__Data segment__:
=== Section Start ===
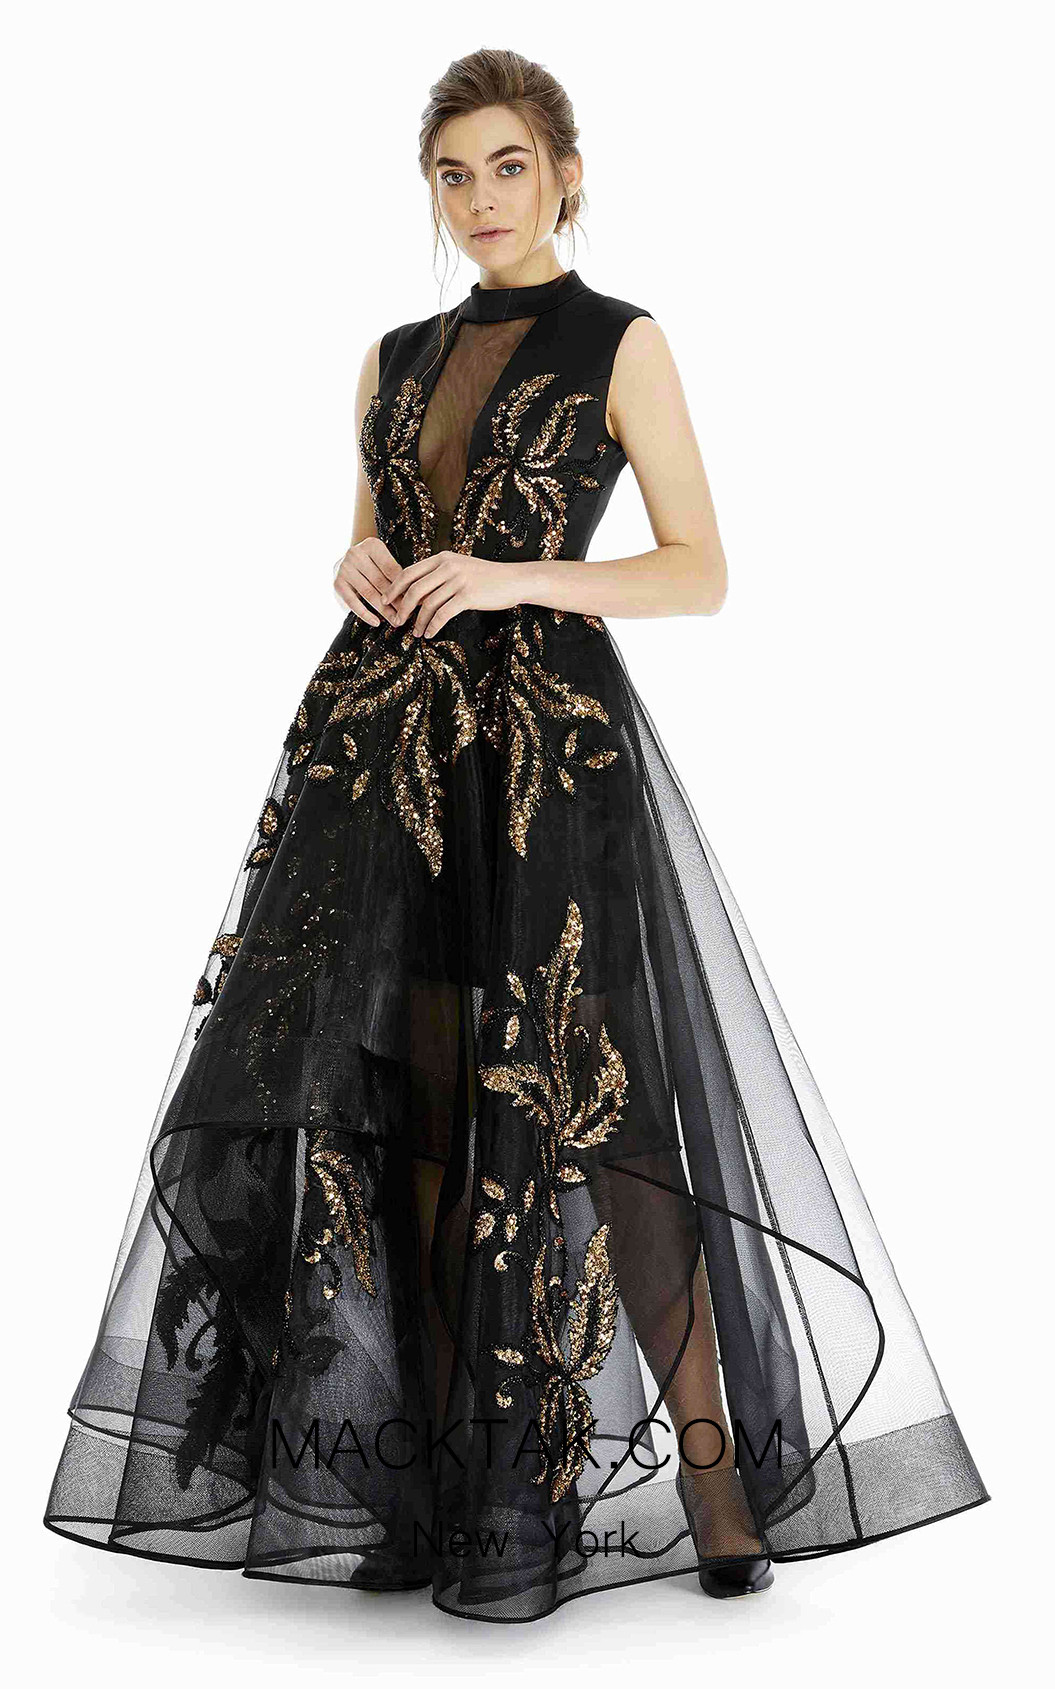 MackTak Couture 4624 Dress
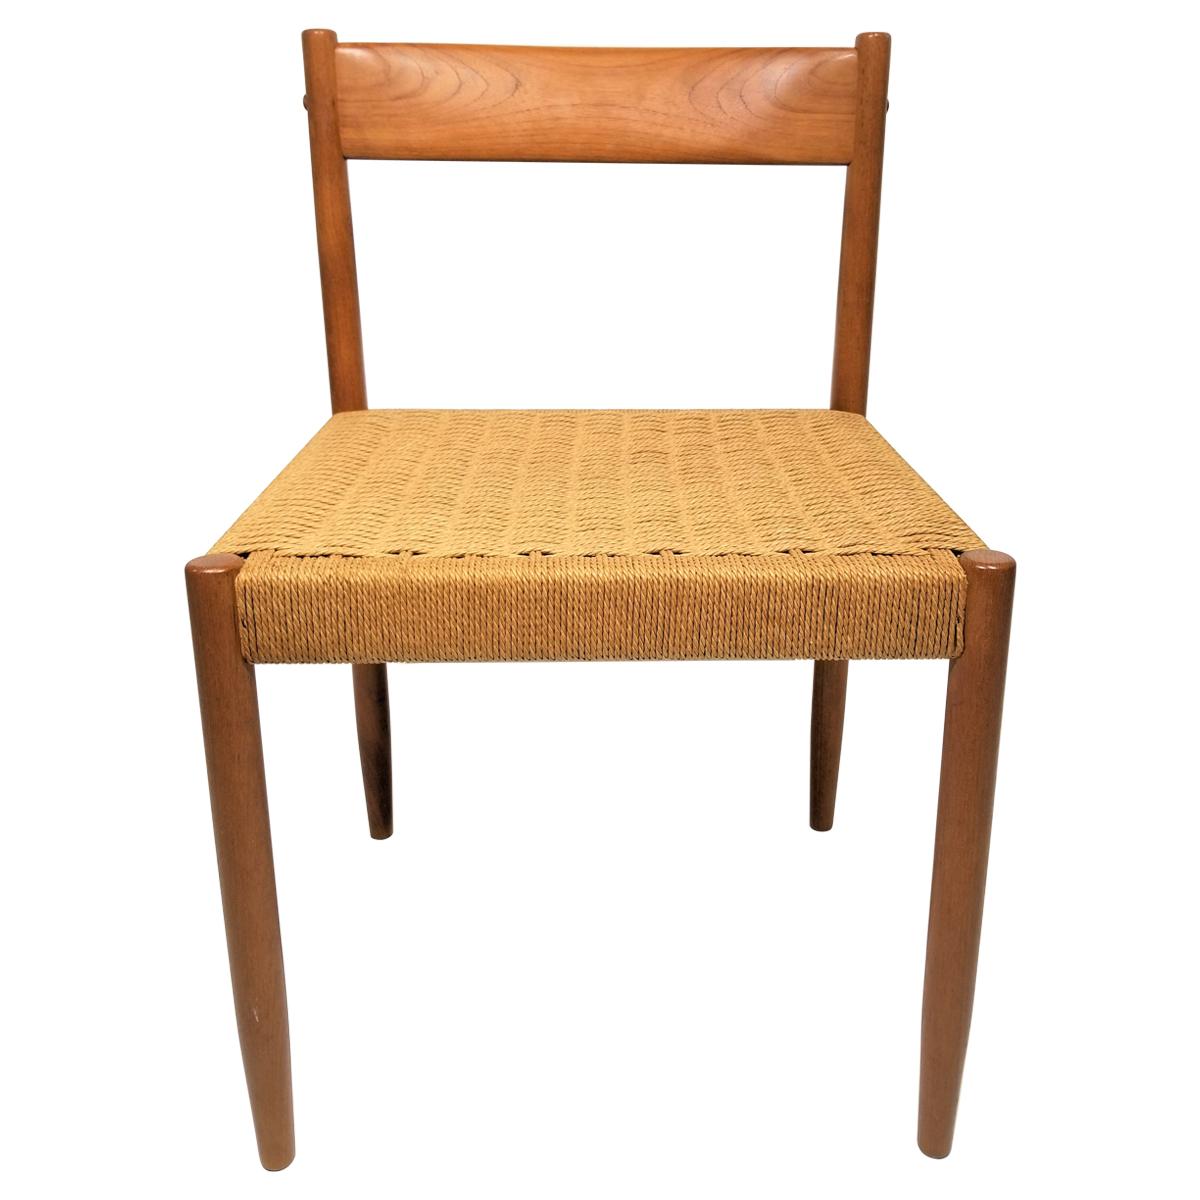 Poul Volther for Frem Rojle Danish Teak Woven Chair Midcentury 1960s  For Sale
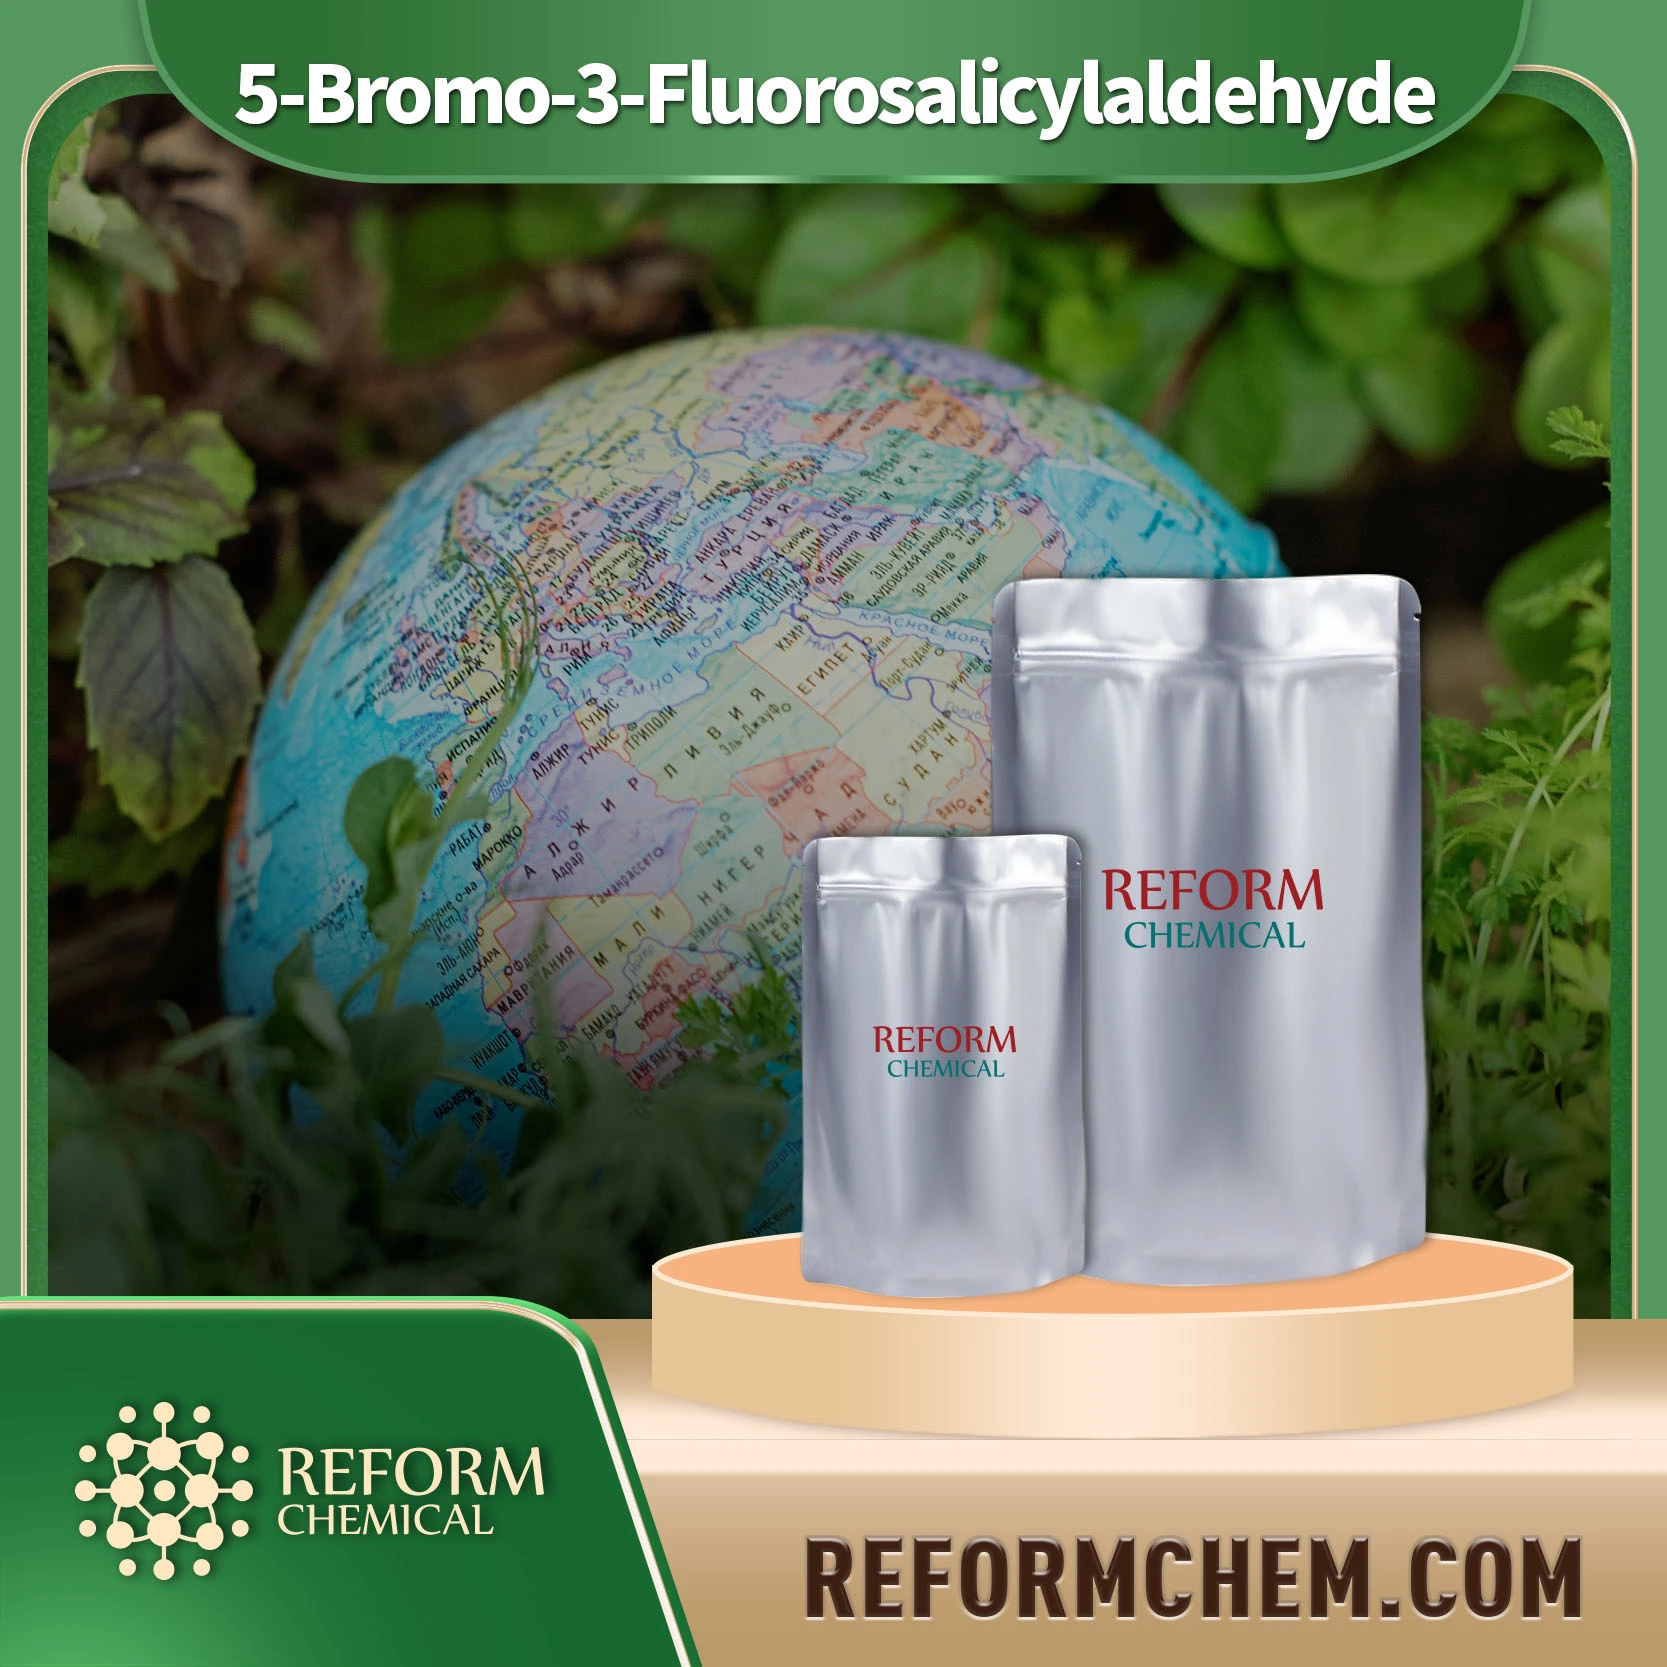 5-Bromo-3-Fluorosalicylaldehyde
=== Section End ===
__Prompt__: Each line of the listing above should be retyped exactly, with no pictures.

__Solution to this problem__:
 MackTak Couture 4624 Dress
 Poul Volther for Frem Rojle Danish Teak Woven Chair Midcentury 1960s  For Sale
 5-Bromo-3-Fluorosalicylaldehyde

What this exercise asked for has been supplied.